The Talking Chair: When a Simple Object Becomes a Therapy Tool

From tables to chairs

For years I worked with my thoughts.
I analyzed them, restructured them, neatly organized them into columns, and when everything seemed clear, I put them under the microscope again—just to be safe.
That’s how we, CBT-trained therapists, are: orderly, attentive, with a weakness for reason and logic.

But, no matter how precise a table of automatic thoughts is, sometimes the mind is silent and the body speaks .
And then, logic looks around… and sees a chair.
A simple, banal one, but capable of holding not only the body, but also an entire story.

In the office, chairs are no longer just for sitting.
Sometimes, one of them takes the place of a thought that refuses to be silenced.
Another becomes the “critical voice” – the one that knows exactly how we should be.
And somewhere, in a corner, sits the vulnerable voice – the one that has never been fully listened to.

With a little imagination, an empty chair can become:

  • a forgotten emotion,

  • a dear person,

  • a part of you that has hidden itself under “reason and control.”

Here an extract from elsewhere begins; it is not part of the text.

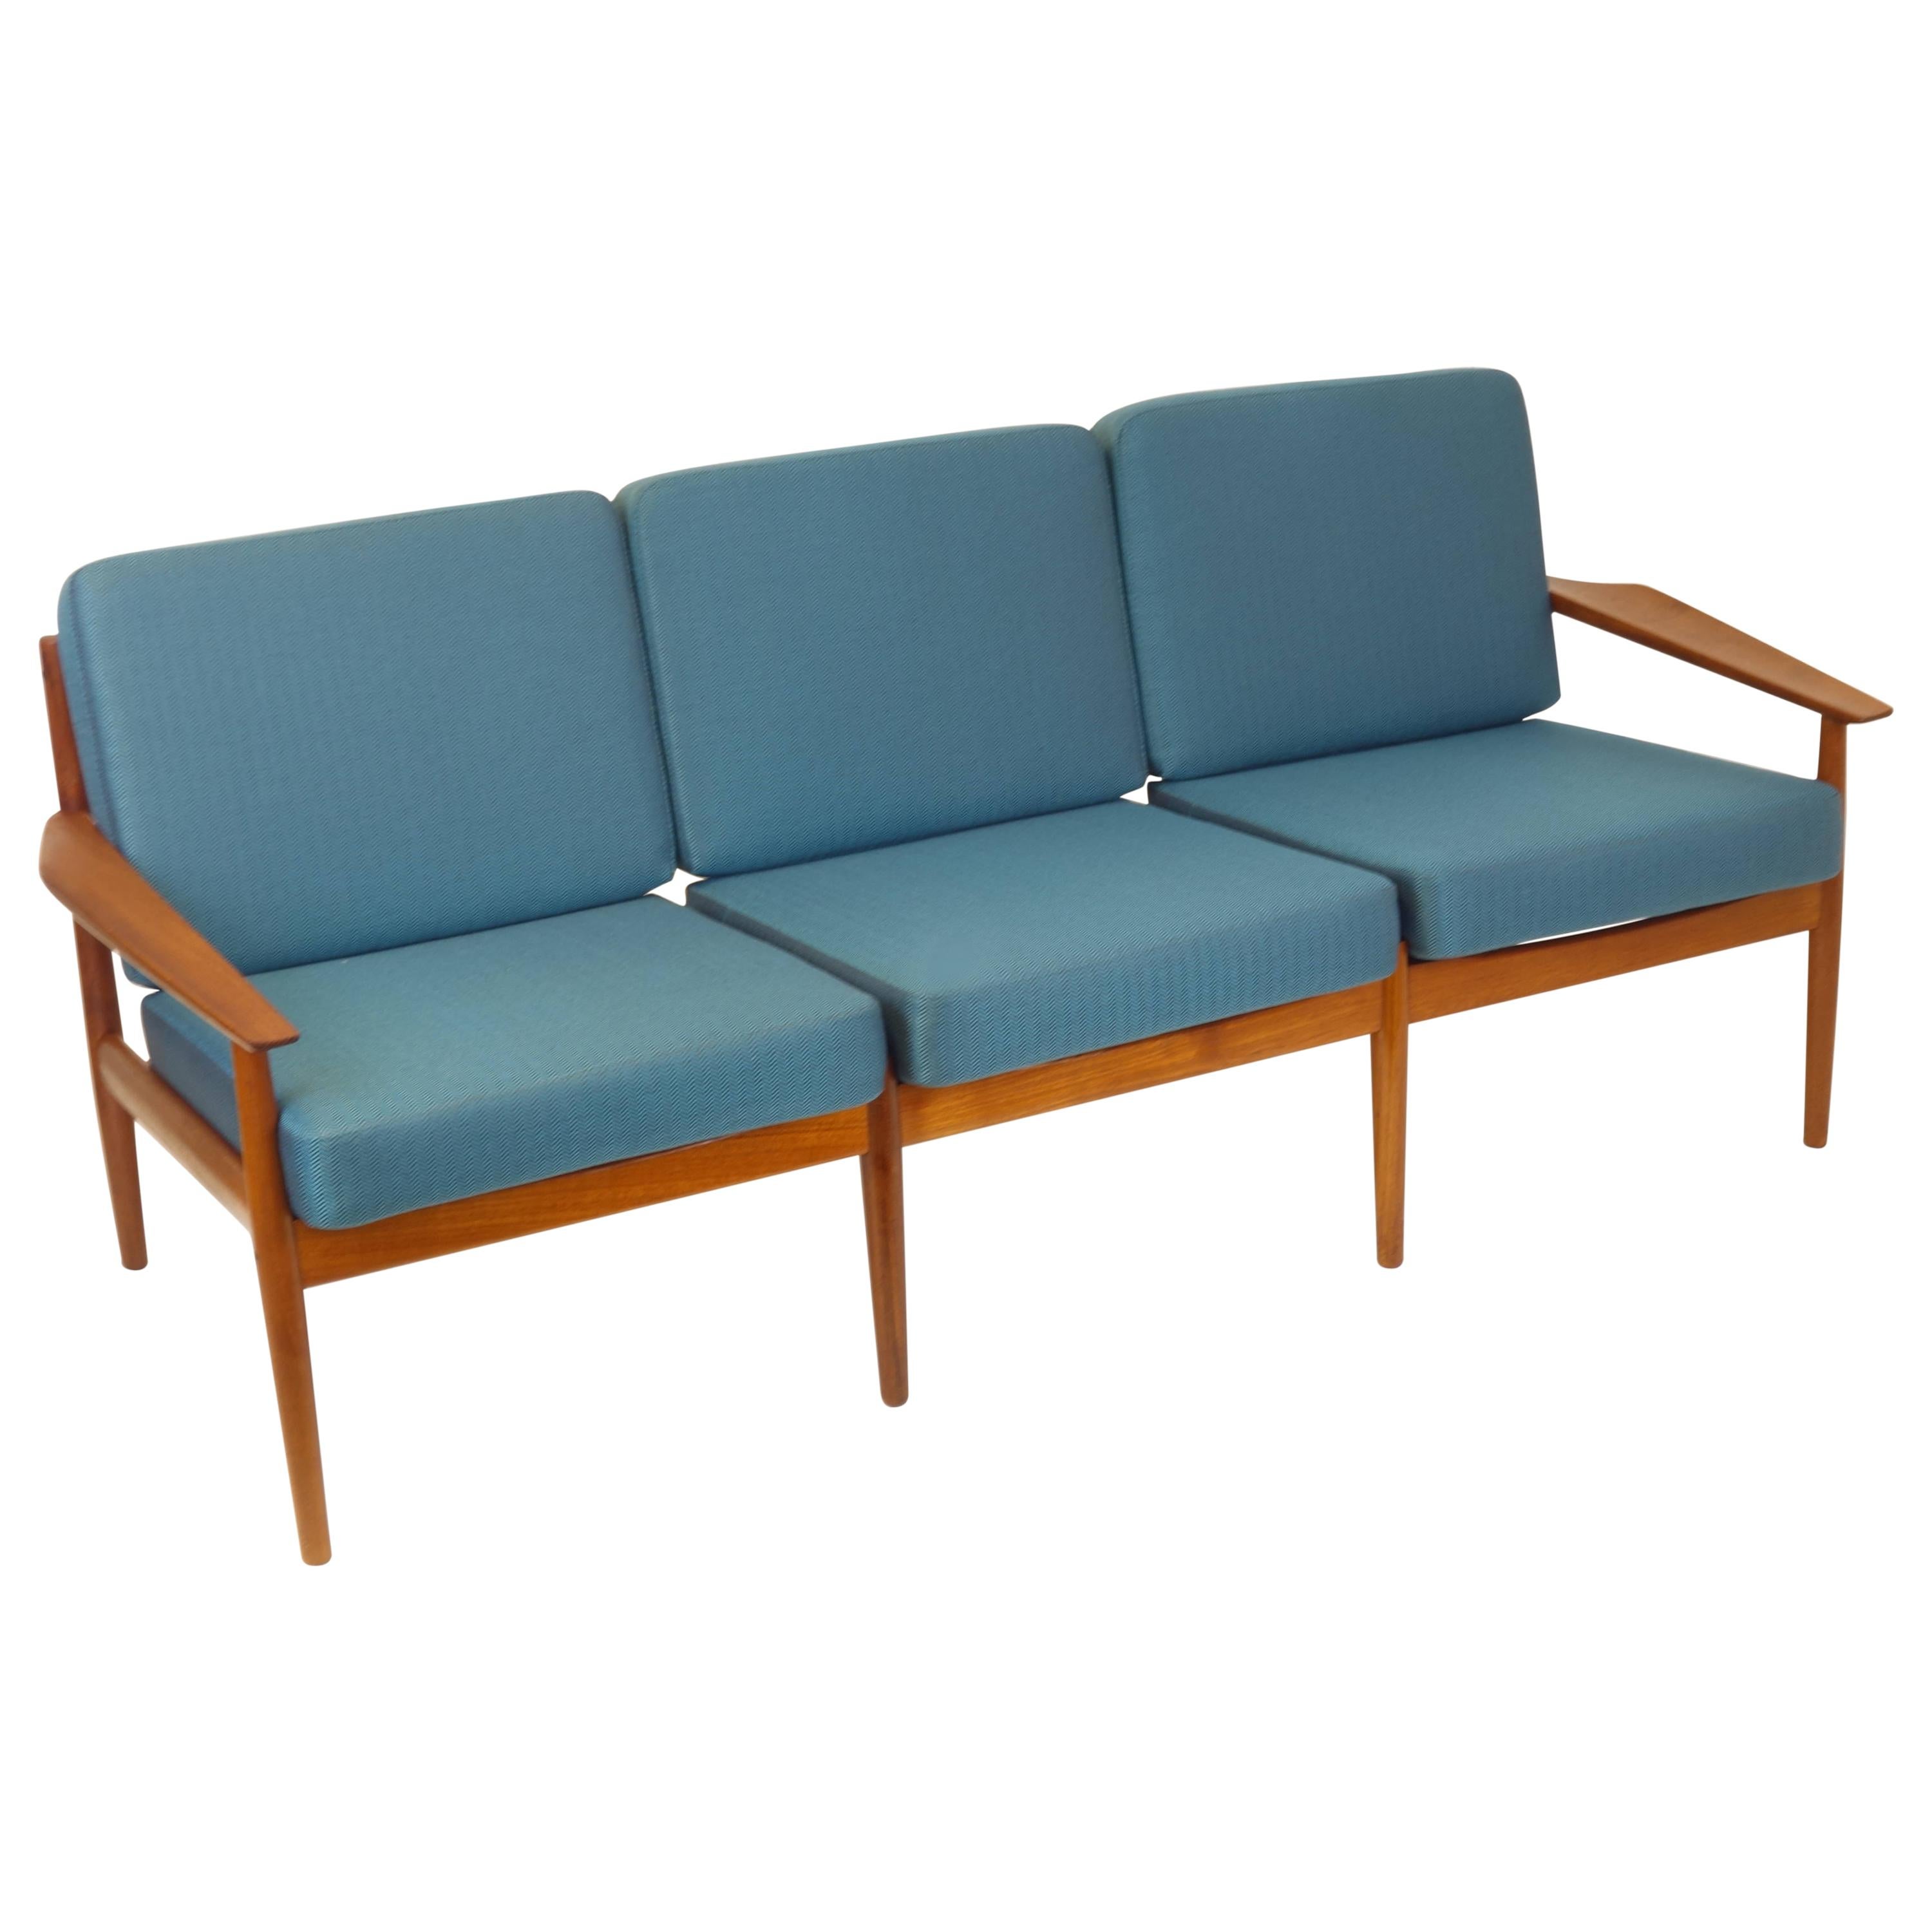 Couch 3-Seater Original Sofa by Grete Jalk Dansk Mobler Teakwood, Denmark, 1960s

Yes, the chair has many uses. But the most surprising is that of an emotional mirror .

When the chair becomes a therapist

The first time I used chairwork , I felt a mixture of skepticism and curiosity.
I admit, it seemed a little theatrical.
But when the client moved from one chair to the other and allowed herself to speak from the role of the critic, then from the role of the hurt child, something changed in the room.
The air filled with emotion, and logic took a step back—somehow grateful that it didn’t have to explain everything.

In a world of structured thoughts, chairwork is an act of freedom.
It transforms analysis into dialogue .
And instead of a discussion of thoughts, a conversation between the parts of the self emerges.

Three chairs, three perspectives

Sometimes I use three chairs:

  1. The inner critic – the voice that says “it’s not enough.”

  2. The vulnerable part – the one that feels, but is not heard.

  3. The gentle observer – the party that listens to both and begins to bring about reconciliation.

And often, after a few exchanges, the critic becomes protective, the vulnerable relaxes, and the observer smiles. In an hour, you’ve witnessed a reconstruction of an inner relationship — without a textbook, with just three chairs and a lot of presence.

Why it works

Beyond magic, the explanation is simple: chairwork activates all the channels through which we process reality — visual, auditory, bodily, emotional. Thought becomes voice, emotion becomes movement, the body remembers.

It’s, in a way, CBT with heart and movement .
And yes, it works even for those who say, “I don’t believe in these kinds of exercises.” Usually, after five minutes, I do.

When the chair becomes an invitation

In the end, there remains a simple lesson:
not all changes start in the head. Some start… in the chair.

So the next time you’re about to fill out a cognitive distortion chart, it might be worth stopping for a moment and asking,
“What would the chair say if it could talk?”

You might find out something your mind had already forgotten.

Sometimes therapy begins with a thought. Sometimes, with a chair.